Add confidence intervals and error bars to agent scores.
Separate model quality from scaffold, tool, and budget effects.
Use repeated runs for non-deterministic agents.

Visual model

Agent system view

Use the graph to ask where the intelligence really lives: model, memory, tools, environment, verifier, or orchestration.

Written practice

Questions that make the idea stick

Drill 1Design an eval report for an agent.

Include success rate, confidence interval, cost, latency, and retries.
Show failure categories.
Report what changed between runs.

Drill 2Why can leaderboard scores mislead?

Benchmarks leak.
Tasks become saturated.
Scaffolds differ.
Budgets differ.

Written answer pattern

How to write this under pressure

ClaimBenchmark noise and evaluation solves a concrete control problem, not just a prompt-writing problem.

MechanismState the loop: observe state, choose action/tool, get feedback, update memory or plan, stop using a verifier.

Why it worksIt makes the hidden failure mode visible: Small sample sizes, correlated tasks, grader variance, and retry policies distort conclusions.

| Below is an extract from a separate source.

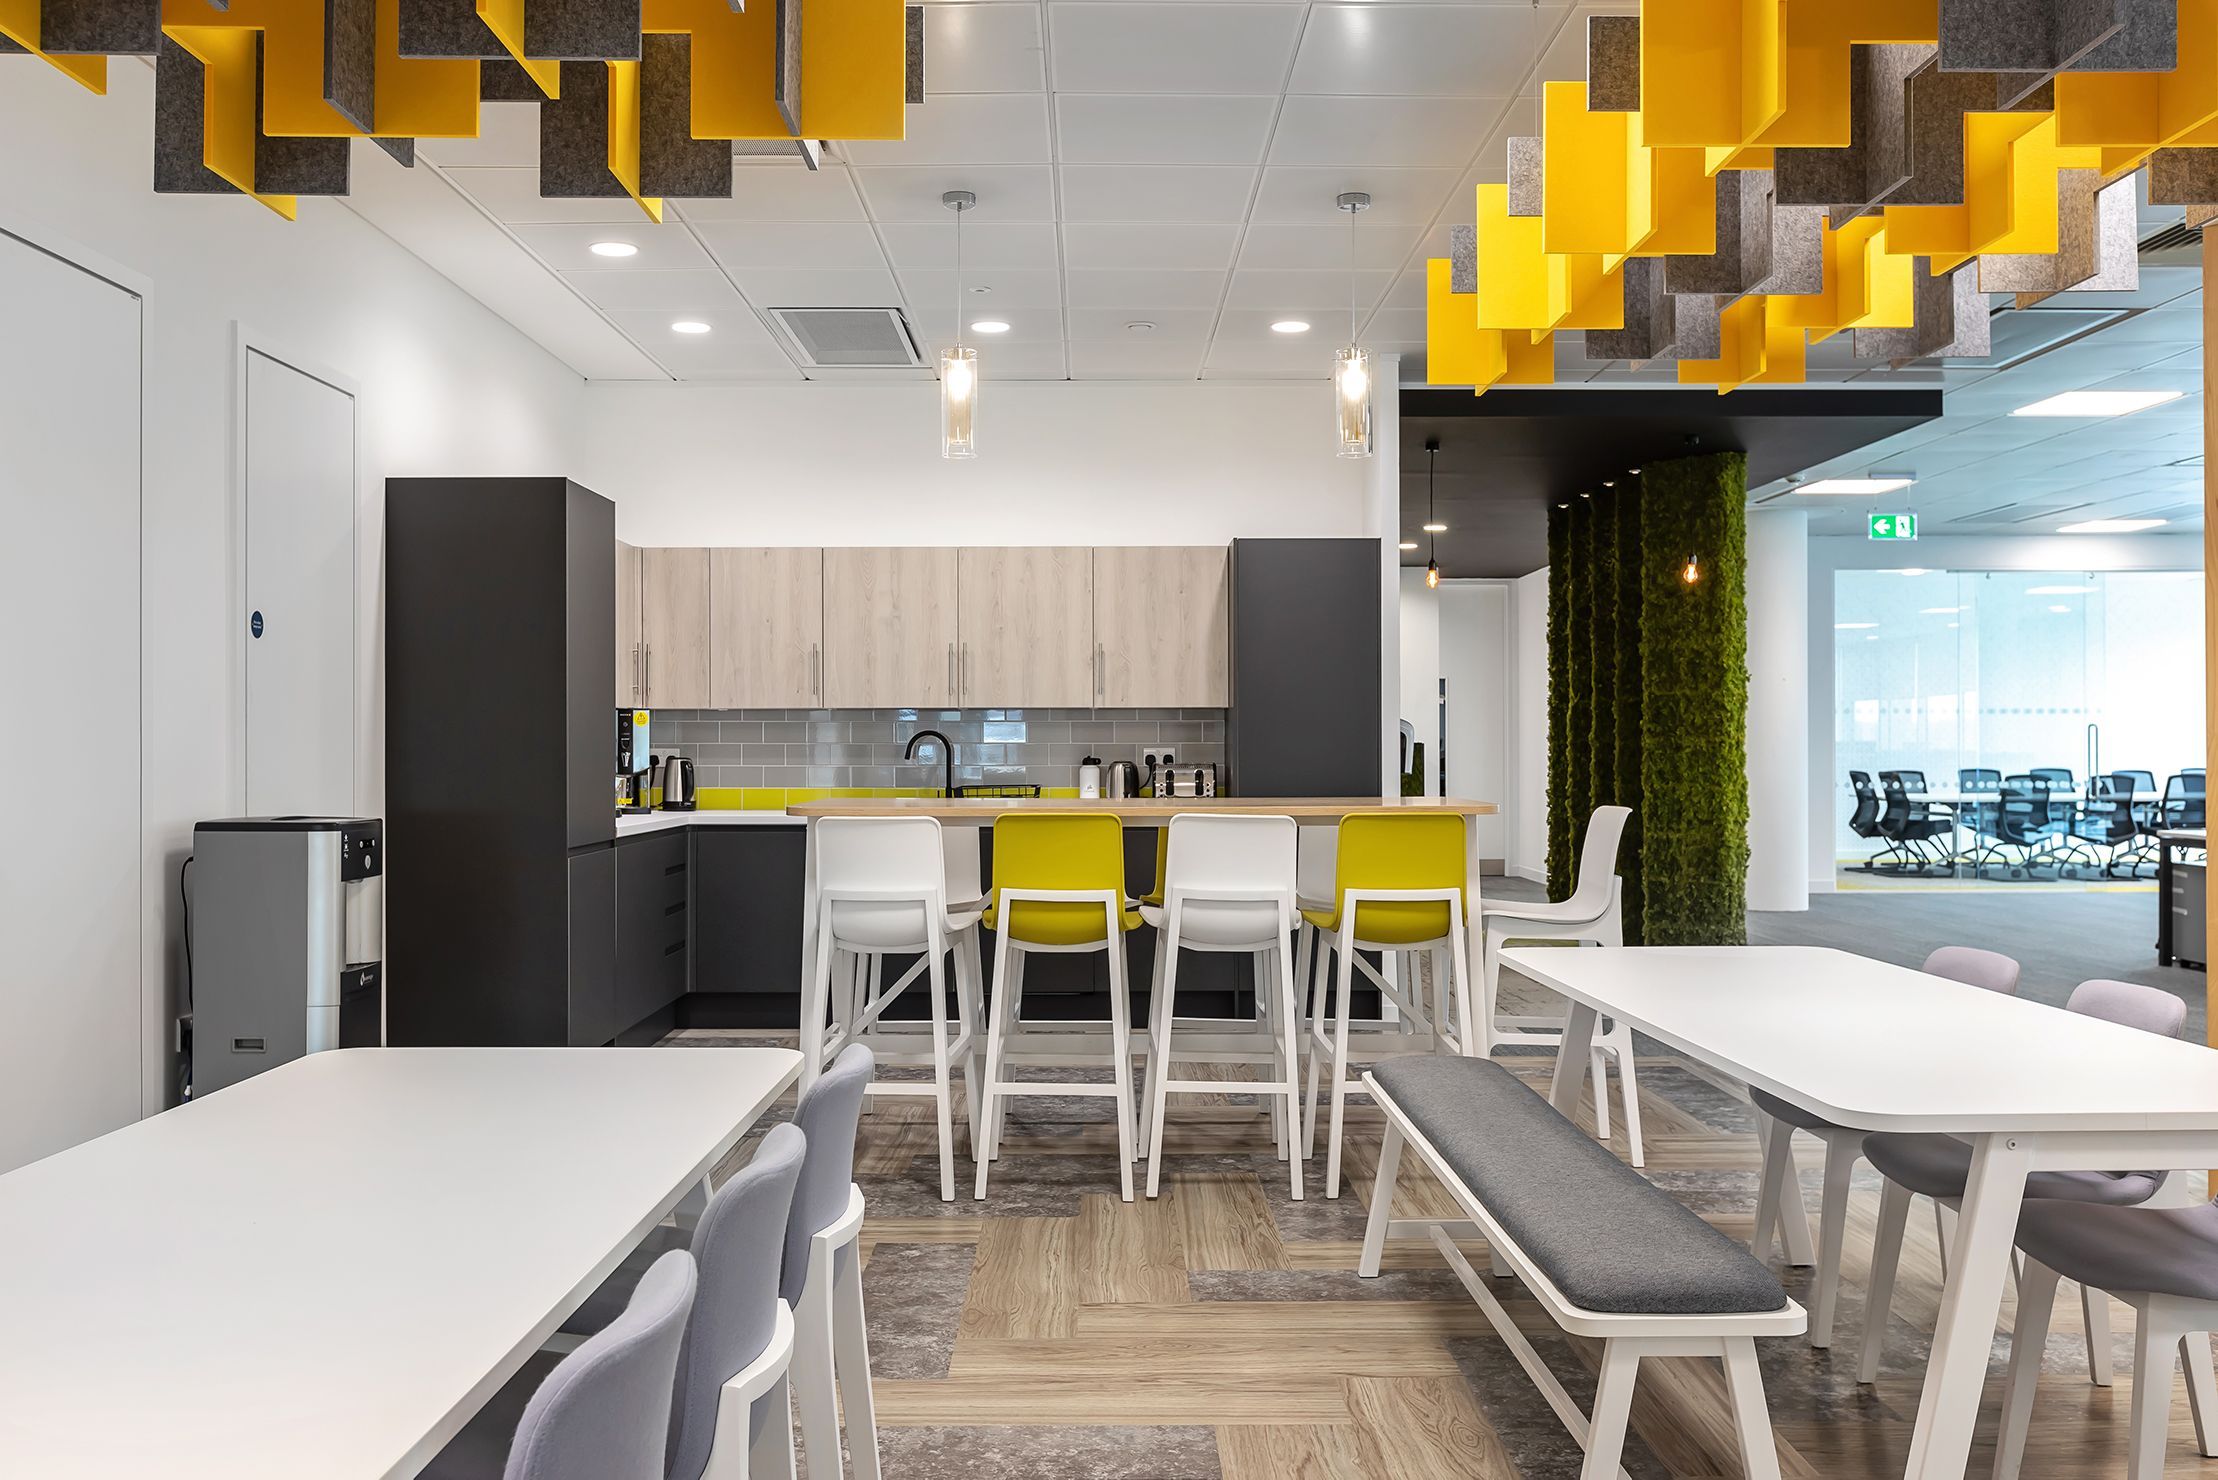 A colourful office kitchen with dark grey counters and white countertops.

TradeoffExtra orchestration improves reliability only if evaluation, cost, and authority boundaries are explicit.

Build skill

How to apply this in your own agent

Write the concrete task and the failure mode before choosing any framework.
Choose the smallest architecture that handles the failure: workflow, single agent, orchestrator-worker, or evaluator loop.
Define tool schemas, memory boundaries, and a success checker.
Run a small eval set with failure labels, cost, latency, and trace review.

Source route

Original course links and readings

Course pagehttps://rdi.berkeley.edu/agentic-ai/f25 Course slideshttps://rdi.berkeley.edu/agentic-ai/slides/PredEval.pdf Adding Error Bars to Evalshttps://arxiv.org/pdf/2411.00640 OpenAI note on SWE-bench Verifiedhttps://openai.com/index/why-we-no-longer-evaluate-swe-bench-verified/

Page generated from 617 YouTube captions. Raw transcript files are kept out of the public site; this page publishes study notes, timestamp routes, and paraphrased explanations.